In Genesis 21:1, we learn that Abraham remarried three years after the death of Sarah. Once his son Isaac was married off, Abraham, at age 140, married Keturah, who bore him six children.
But who exactly was Keturah and why did Abraham marry her? What pushed him to have six more children so late in life?
Rashi tells us that Keturah was one and the same as Hagar, whom Abraham had married more than 50 years prior (when he was 85 years of age), and who bore his firstborn, Ishmael.1
So why the name change? To teach us that she was pure and good like ketoret, the incense that was offered to G‑d on the altar in the Holy Temple.
You might recall that Hagar had been chased out of Abraham’s home when her son was misbehaving. For many years, she was away from Abraham and his influence.2 Yet during all their years apart, she never cohabited with another man and remained faithful and true to the ethics that Abraham taught.3 Hence, this was another reason for the name change: in Aramaic, keturah means “bound,” and Hagar remained connected to Abraham throughout all those years.4
But if Abraham had intended to remarry Hagar after Sarah died, why did he wait until Isaac married three years later?
Interestingly, Isaac was the matchmaker.5 Soon after his mother’s passing, he traveled to Hagar and brought her back to Abraham’s home. He obviously had positive feelings towards his stepmother and considered her worthy of remarrying his father after his own mother passed away.
Yet, Abraham chose to wait until Isaac was married before he himself remarried. From here the sages learn that one whose wife passes away and who has older children should ideally first see to it that his children are settled before he gets remarried.6
This still doesn’t explain why Abraham chose to get married and have children at age 140. Even in those days, 140 was old (Abraham passed away at 175 and is considered to have lived until a ripe, old age)!
Yet to Abraham, it was important to have many children. Why?
According to the Talmud, one very simple reason for having many children is that you don’t know which one will give you nachat.7 Obviously, Abraham had nachat and spiritual continuity through Isaac, so this most probably wasn’t his worry. So what other reason might he have had for remarrying and siring more children?
Simple. The first mitzvah that G‑d ever gave to mankind was to Adam and Eve immediately after their creation: “Be fruitful and multiply!” He repeated those same words to Noah and his family after the decimation of the Flood: Go have babies!
Overpopulation is not a worry for G‑d; it’s His desire that the world be full of human beings who are decent and good. The world is big enough for us all.
There is no greater act of service we can do than bestowing life onto another human being. The gift of life is truly the greatest gift of all. So while Abraham had already created a nation through Isaac, he still felt obligated to gift life to others.8
An idea that the Lubavitcher Rebbe spoke passionately about many times, especially during the ’80s, was bringing many children into the world. He saw this as a Divine endeavor and a source of tremendous blessing for the parents, the community and the world.
After World War II, the Ponevezher Rav, Rabbi Yosef Shlomo Kahneman, used to visit Miami annually to raise funds for his yeshivah.
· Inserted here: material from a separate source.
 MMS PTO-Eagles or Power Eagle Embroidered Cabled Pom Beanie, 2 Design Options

Rabbi Berel Wein, who was a congregational rabbi in Miami during that period, related this story:
One day, the Ponevezher Rav called me and asked me to arrange a meeting in my home with the younger couples affiliated with my congregation. I told him that I would do so, but I cautioned him that I did not think that he would raise much money from them. He gently told me that he was not going to speak to them about donations at all.
At that meeting, which was very well-attended, the Ponevezher Rav rose and said to them: “My beloved children, the souls of a million and a half Jewish children murdered in the Holocaust are floating in the air above us. Your task is to give those souls bodies to live in.”
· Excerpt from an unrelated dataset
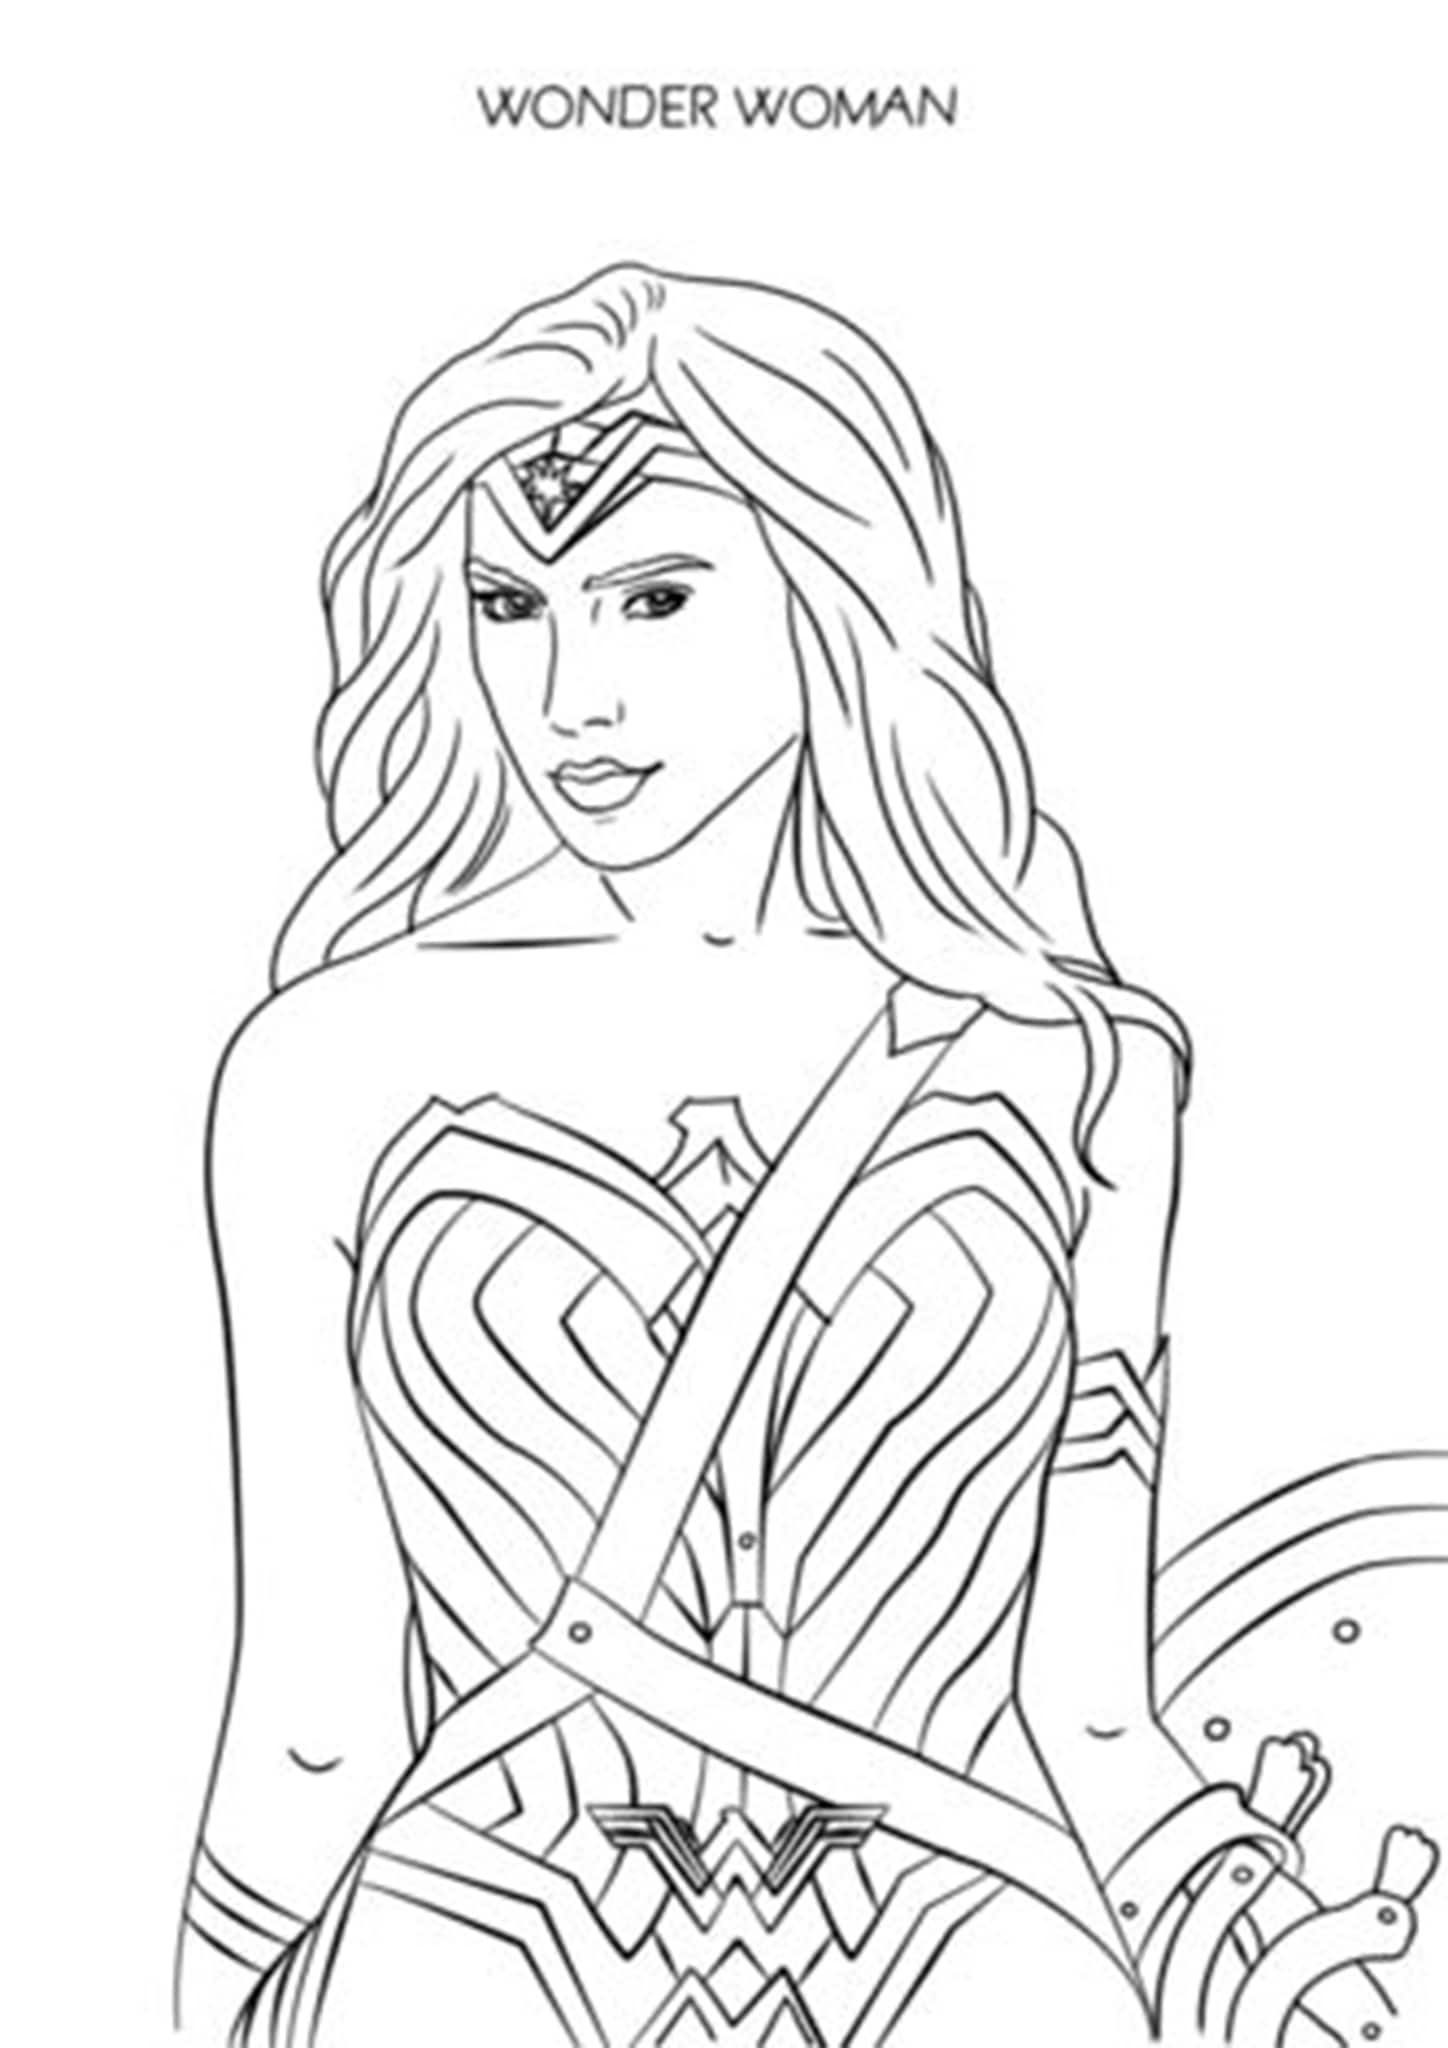 Free easy to print wonder woman coloring pages superhero coloring superhero coloring pages wonder woman art

On a personal note, I’m the oldest of 12 children, and both my parents come from large families, so I have over 200 first cousins! I can confidently say that big families are pure blessing. I pray that my wife and I should continue to be blessed with the incredible gift of bringing children into this world.
The Talmud says: “The son of David (Moshiach) will not arrive until all the souls in the treasury in heaven [which is referred to as guf] are brought into this world.”9
I’ll leave you with this final thought: You will never regret the kids you have, but too many people regret the ones they didn’t bring into this beautiful world.